La fine di “Arcadia”: intervista a Marco B. Bucci e Jacopo Camagni

La fine di “Arcadia”: intervista a Marco B. Bucci e Jacopo Camagni

Durante la fiera lucchese abbiamo incontrato i due autori che hanno presentato il finale della saga di Nomen Omen/Arcadia.

Edito da Panini Comics, Arcadia Vol. 3: Disintegration è il volume che termina la trilogia di Arcadia, chiudendo quindi il cerchio sulla saga iniziata con il trittico di Nomen Omen.
In questa intervista abbiamo cercato di sviscerare con gli autori,  Marco B. Bucci e Jacopo Camagni, alcuni aspetti peculiari della loro narrazione, riferendoci tanto al volume in uscita, quanto all’intera saga. Ogni domanda è introdotta da una citazione presa da quest’ultimo volume.

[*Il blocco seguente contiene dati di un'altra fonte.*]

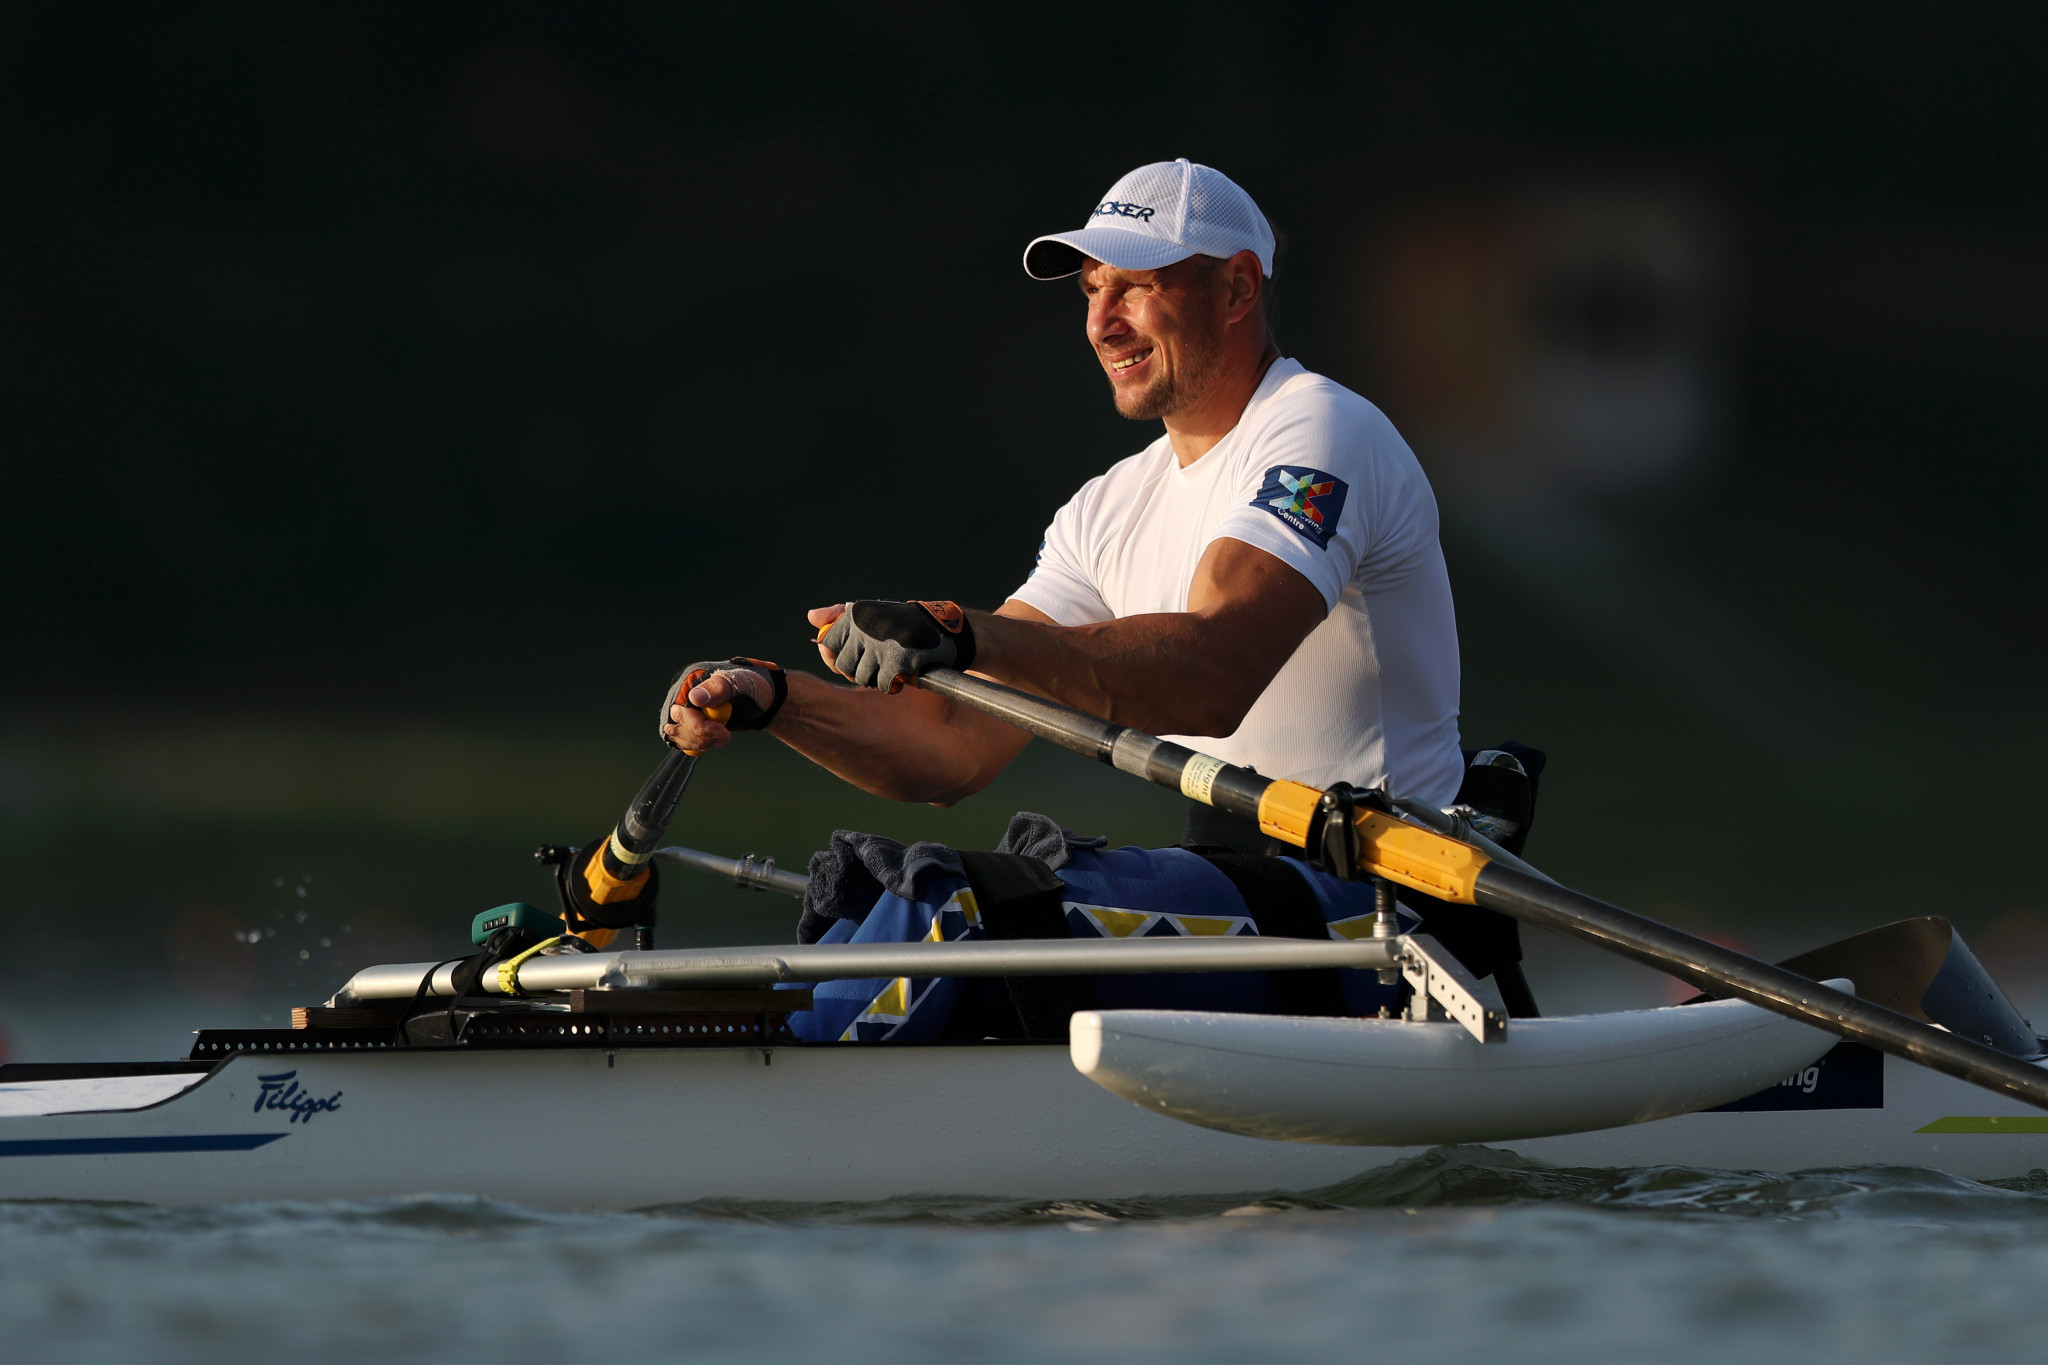 Paris 2024 rowing venue stages test event featuring Paralympic medallists

Ogni storia incarnata sente dentro di sé quando si avvicina il capitolo finale di una saga.

Arcadia 3 Cover

Spesso vediamo esperimenti metanarrativi un po’ goffi, espliciti e sguaiati (alla Deadpool per intenderci, ma senza che i personaggi abbiano il carisma di Wade Wilson). Nomen Omen/Arcadia al contrario è stato un viaggio intriso di una metanarrazione molto sottile, raffinata, messa in atto in un modo che appare molto naturale per i personaggi. È stato naturale anche per voi questo tipo di approccio?
Marco B. Bucci: La prima cosa che distingue la saga di Nomen Omen da altre in cui il personaggio sfonda la quarta parete è il fatto che i nostri personaggi sanno di essere Storie. E questo genera tutto un discorso sul potere che assume una storia incarnata, sulla loro consapevolezza e sulla volontà di autodeterminazione come esseri viventi. È come se con il passare del tempo non ci stessero più ad essere solo personaggi, ma volessero affermarsi come persone con desideri che vanno oltre quello che è stato raccontato di loro, affrancandosi da esso. È stato l’inizio che ci ha fatto pensare di inserire la meta narrazione come argomento ricorrente, e nell’ultimo volume di cui stiamo parlando ancora di più. È bello che questa sia la prima domanda perché in Arcadia 3 arriviamo al cuore della metanarrazione. Però sin dall’inizio, quando Becky vedeva in bianco e nero e poi comincia assieme al lettore a vedere a colori ci avviciniamo a un discorso dove il lettore ha un ruolo attivo nella storia. Sono contento che tu abbia detto che sia così raffinato perché ci siamo sempre posti la domanda:”Siamo stati troppo espliciti? O troppo poco?”.
Jacopo Camagni: La metanarrazione è stata una scommessa importante per il tipo di storia che stavamo raccontando. Essendo un’opera che parla di storie, che parla di libri, di fumetto, di media, era importante per me giocarci. Era importante giocarci non in maniera superficiale, ma un po’ intelligente. Ci abbiamo provato e di volta in volta è diventato anche uno stimolo: cercare cioè il modo di farlo al meglio, chiedendoci a ogni volume quale situazione potesse prestarsi a questo genere di linguaggio. È stato dunque anche divertente cercare ogni volta un modo diverso per giocare col lettore. Nell’ultimo volume, per esempio, il layout di base che si vede in alcune tavole è esattamente quello che uso per lavorare, non è messo lì a caso.
MB: La chiamiamo in codice tra di noi la “mattata”, cioè sappiamo che ne abbiamo una a disposizione in ogni volume. Il lettore si aspetta una mattata da parte nostra a ogni capitolo; più di una bisogna andarci piano… di solito è il nostro editor Diego Malara che la individua nelle riunioni.
JC: La mia preferita rimane l’uso del Macbeth, anche perché portare un’opera teatrale all’interno del fumetto è una specie di tabù.
MB: In effetti non ho capito perché parlare di teatro nei fumetti è molto raro, abbiamo degli esempi meravigliosi di opere che sono state trasposte, però non se ne parla quasi mai.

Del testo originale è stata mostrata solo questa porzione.